Today was a million times better. Still fairly stressy and nuts, mind, but less… hm… what’s the best word to describe last week? “AAUUGHRGHLBLEGH?”

Sounds about right.

It occurs to me that so far this has been a journal filled mostly with a lot of whining on my part, and I do apologize for that. I shall try to recall my first and second days in this very cool country, rather than rehash my scary scary first week at work.

When the plane was approaching Seoul, part of me wanted to whip out my journal and write everything down—but then I would have missed so much!

The sea (yes, SEA) was dotted with what looked like tiny little boats, that were in actual fact pretty large, considering how high up we still were. Every ounce of tiredness I was feeling toward the end of the flight—POOF—gone. Instead, I was damn near bouncing around in my seat with thoughts along the lines of “Ohmygod, that is KOREA, we’re landing in KOREA, ohmygod,” and other such eloquent turns of phrase running through my head.

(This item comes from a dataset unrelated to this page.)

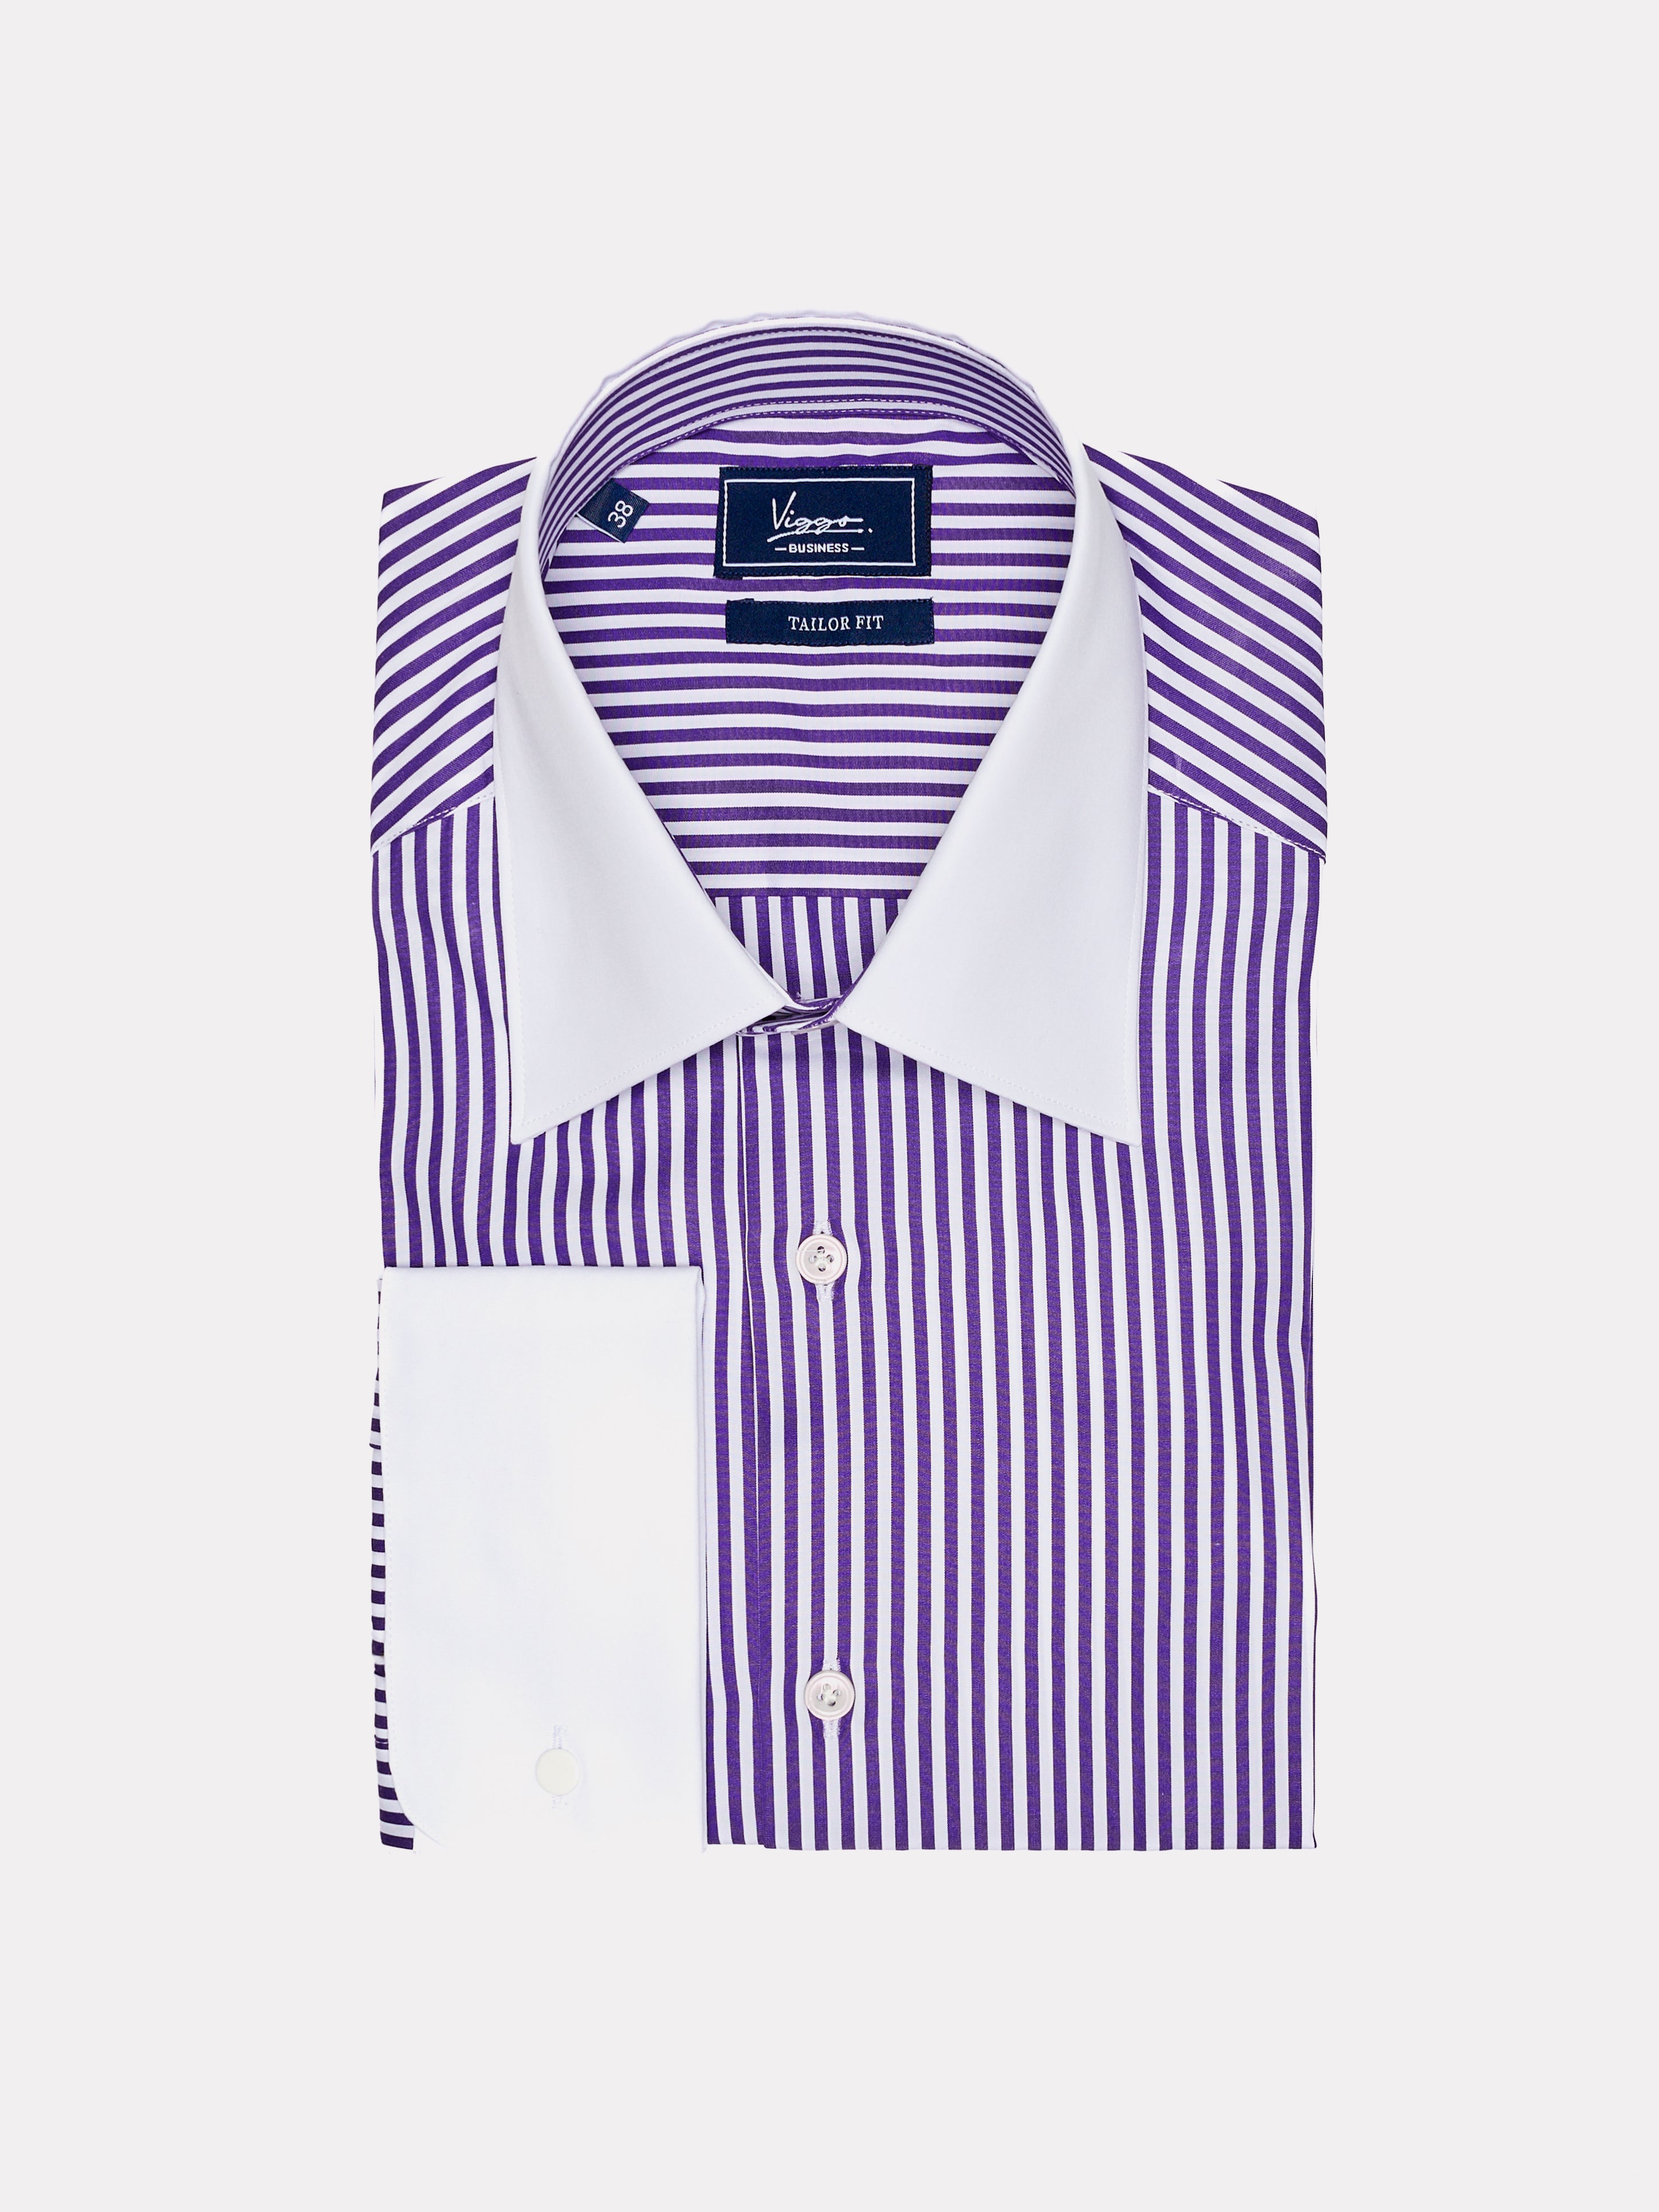 White shirt with purple stripes, button cuffs

Once I left the place (after thanking the captain and stewardesses with a ‘kamsa hamnida’), suddenly I was paranoid about my luggage having gotten mislaid. When my cousin went to Oz for school, some of her stuff was nearly a week getting back into her hands, but Australia and Canada share a mutual national language. Korea and Canada, not so much. I was lucky though! Everything arrived safely! And because I am a giant dork, while I was waiting on said luggage, I whipped out my laptop and made a Facebook update to let everyone know I was in one piece. It was a very thought-out, detailed update. Something like: “So, um, I’m in Korea. Like this second.” I’m nothing if not articulate.

From there, it was just a short trip through customs, and then I went in search of a sign—a sign with my name on it, to be precise. The gentleman meeting me didn’t speak much English, so the drive from Seoul to Pyeongtaek was pretty quiet. I probably would have dozed off except there was so much to look at!

First, there was all the water. The daylight was shimmering on its surface, the boats were indeed enormous, and I nearly blurted out “KOREAN SEAGULLS!!” when I spotted some winged seabirds that resembled the Great Canadian Shithawk. I didn’t get a close look since, but I think it was a bit darker in colour and maybe a bit smaller. Come to think of it, I don’t think I’ve seen many birds since getting to Pyeongtaek. Maybe even none at all. Mental note.

The roads to Pyeongtaek were fairly busy, it being mid-Saturday afternoon and all. The skyline of Seoul reminded me a bit of Toronto’s with its big gleaming towers and company logos, but at the same time, it was completely different. They make the towers into different shapes here, not just big tall rectangles (no offence, Toronto). I don’t even know how to describe them, but they were just plain cool. Another feature that differed between Seoul and home was the expanse of mountains looming in the distance. Mountains. I’ve never seen mountains like these, big and dark and covered in forest from bottom to top. All evergreen, I think because I saw zero trace of autumn colours, but then it might just be too early in the season. South Korea’s a bit further south than Southern Ontario. (Truthfact: one of my students said she wants to visit Canada because it has better snow than Korea. It is of pretty excellent calibre, I will admit.)

So these mountains. We were driving THROUGH some of them. The highway actually tunnels through them, which I thought was kind of awesome. Of course in Ontario we’ve blown through the odd rocky hillside in the name of transportation… anyway. Couldn’t have slept even if I’d tried.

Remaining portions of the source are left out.